To ma być żart?
"Ceny, które napotkałam, zaczynały się od około 450 zł za tydzień i sięgały choćby 750 zł, co w przypadku półkolonii odbywających się lokalnie, w godzinach od 8 do 16, z podstawowym obiadem i bez żadnych wyjazdów czy specjalistycznych zajęć, wydaje się przesadą.
Co gorsza, przy takiej cenie nie spotkałam się z ofertami, które wyróżniałyby się atrakcyjnym programem zajęć czy choćby większą różnorodnością aktywności. W wielu miejscach program jest dość ubogi: podstawowe gry i zabawy, trochę plastyki, ewentualnie wyjście do parku lub na plac zabaw. Oczekiwałam czegoś więcej – może warsztatów, które rozwinęłyby kreatywność lub logiczne myślenie, a często… niestety, to wygląda jak powielanie tego samego schematu co rok.

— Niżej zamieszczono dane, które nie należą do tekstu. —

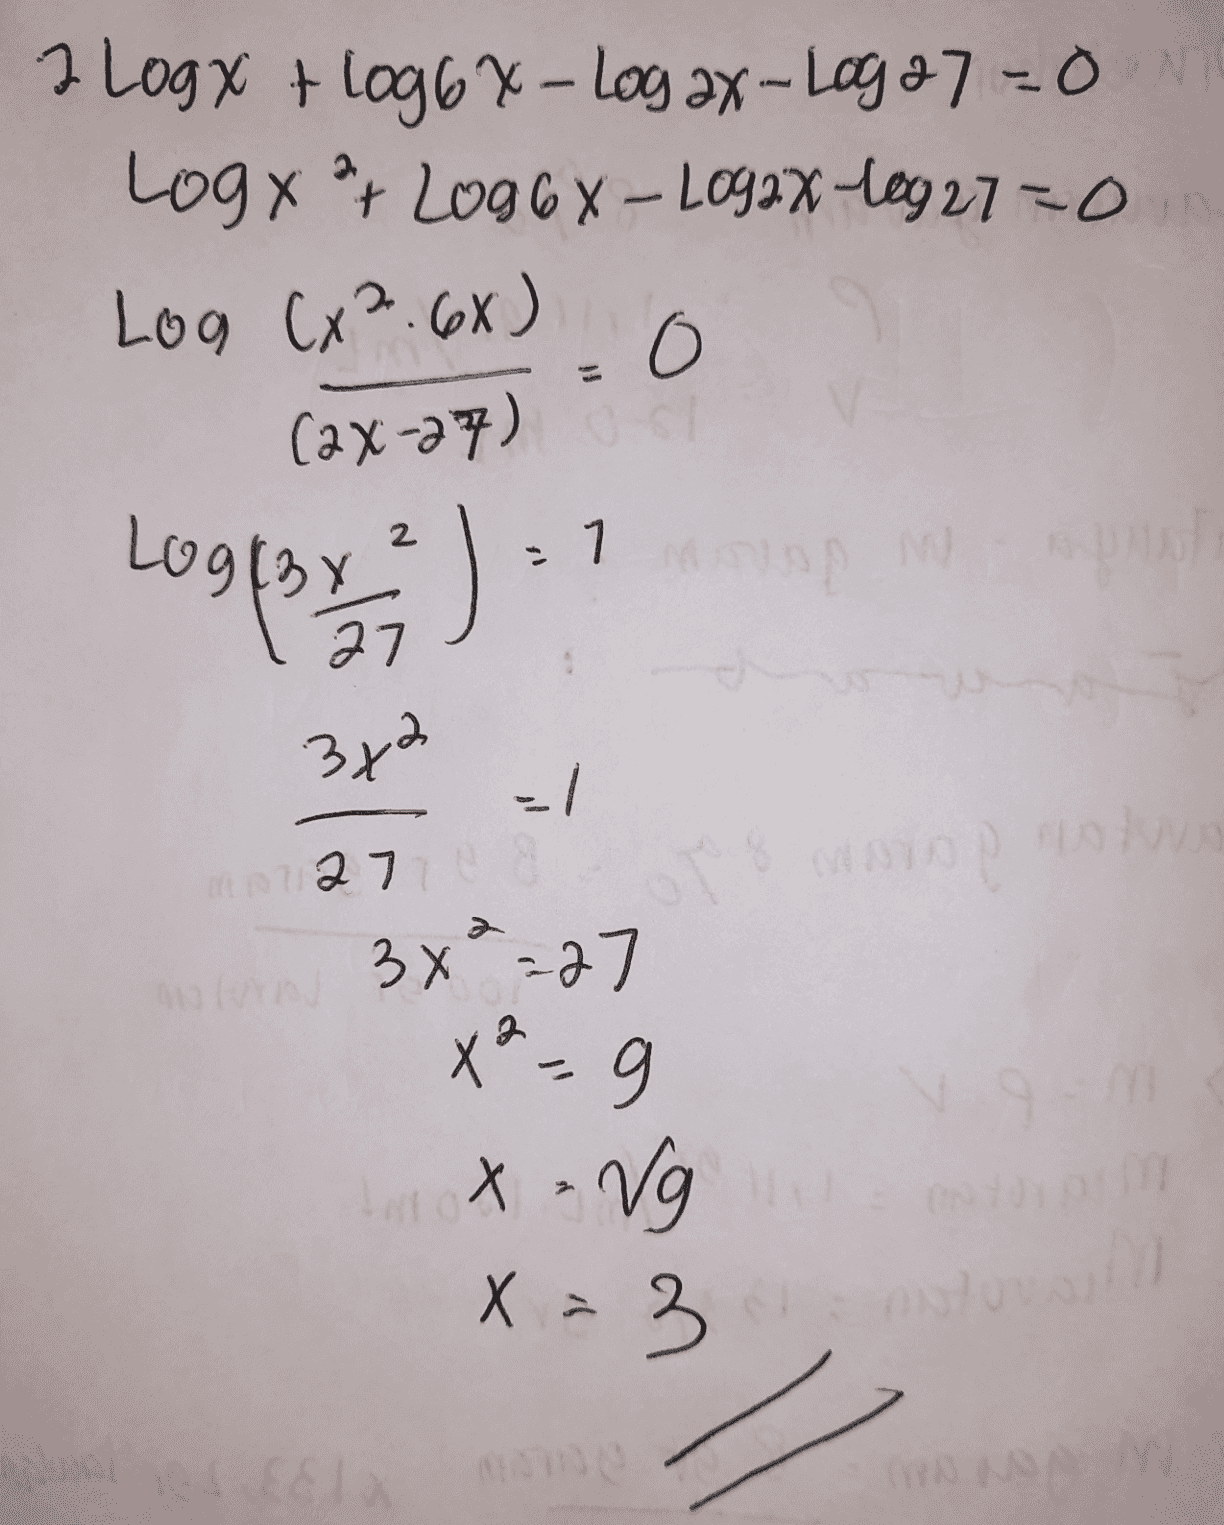 I Logy + log6x-Log ax-Log 27 =ON Logx ? Log66-L092x-10927700 Log Cx².6X) o (ax-27) 1 Logfar ) 3x2 -1 Do 27 OT X X² - 9 3 x ² =27 g Inox - Vg X = 30 EST

Na szczęście otrząsnęłam się w ostatniej chwili i zrezygnowałam z zapisu. Czułam, iż nie ma sensu przepłacać za coś, co nie wnosi dużo wartości, a równocześnie odcina od innych możliwości, które często są albo tańsze, albo bardziej rozwijające.
Coraz mocniej utwierdzam się w przekonaniu, iż półkolonie, które miały być formą wsparcia dla rodziców pracujących i sposobem na aktywne spędzanie czasu przez dzieci, stają się towarem luksusowym. Coraz trudniej znaleźć ofertę przystępną cenowo, a jednocześnie godną polecenia. Niepokoi mnie, iż coraz więcej rodzin zwyczajnie musi z takich półkolonii rezygnować, bo nie mogą sobie pozwolić na taki wydatek.
Wakacje dla dzieci nie powinny być 'usługą' tylko dla nielicznych. Powinny być dostępne i atrakcyjne dla wszystkich dziecka, niezależnie od tego, jak wyglądają finanse jego rodziny.
Bardzo liczę na to, iż rynek się zmieni, iż pojawi się więcej ofert, które będą łączyły jakość z rozsądną ceną, i iż rodzice z ulgą będą mogli planować lato dla swoich pociech, nie martwiąc się o gigantyczne wydatki".